Streaming-capable High-performance Architecture of Learned Image Compression Codecs
This work addresses performance bottlenecks for practical deployment of learned image compression in real-time applications like streaming, though it is incremental as it builds on existing codecs.
The paper tackles the slow runtime performance of learned image compression codecs by introducing a multi-threaded pipelining and optimized memory architecture that enables asynchronous GPU-CPU execution, achieving excellent throughput and latency improvements without modifying neural models, as demonstrated in a real-time video streaming application on an embedded device.

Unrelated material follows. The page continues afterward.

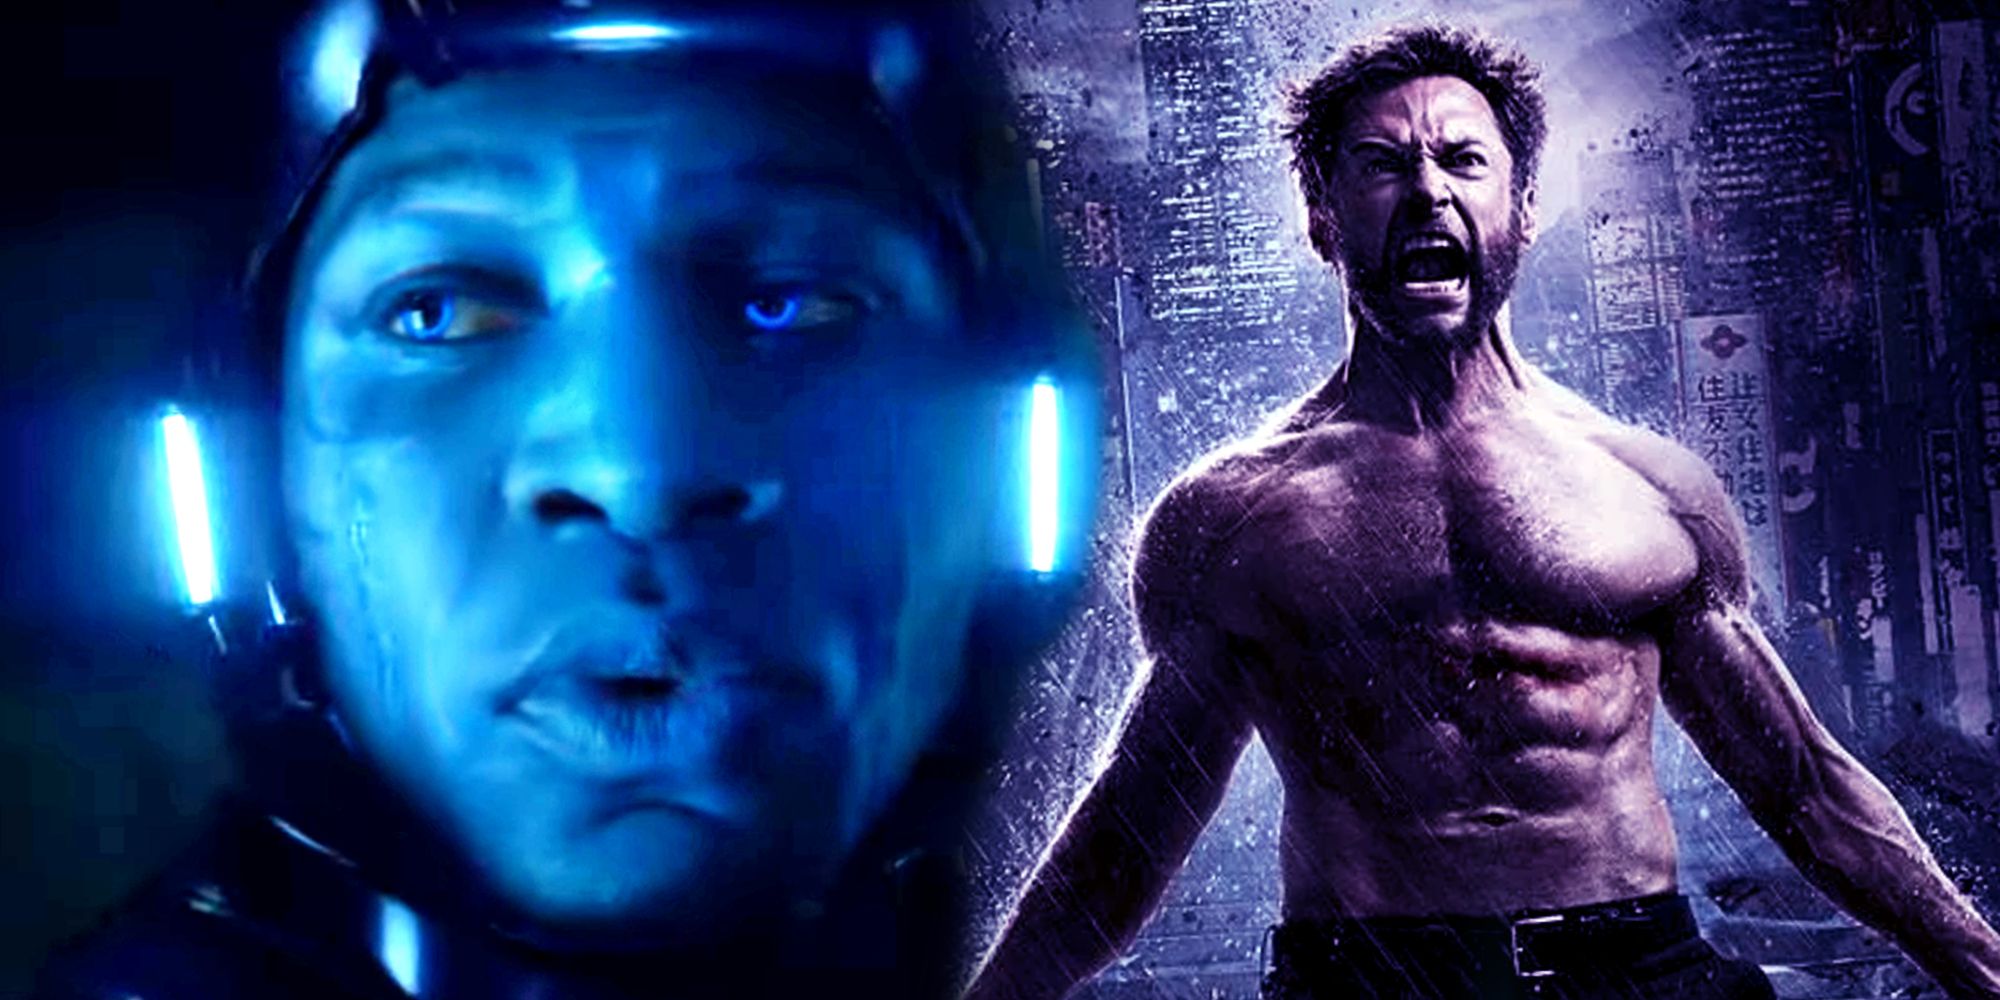 Hugh Jackman's Wolverine and Jonathan Majors' Kang the Conqueror in the MCU

Learned image compression allows achieving state-of-the-art accuracy and compression ratios, but their relatively slow runtime performance limits their usage. While previous attempts on optimizing learned image codecs focused more on the neural model and entropy coding, we present an alternative method to improving the runtime performance of various learned image compression models. We introduce multi-threaded pipelining and an optimized memory model to enable GPU and CPU workloads asynchronous execution, fully taking advantage of computational resources. Our architecture alone already produces excellent performance without any change to the neural model itself. We also demonstrate that combining our architecture with previous tweaks to the neural models can further improve runtime performance. We show that our implementations excel in throughput and latency compared to the baseline and demonstrate the performance of our implementations by creating a real-time video streaming encoder-decoder sample application, with the encoder running on an embedded device.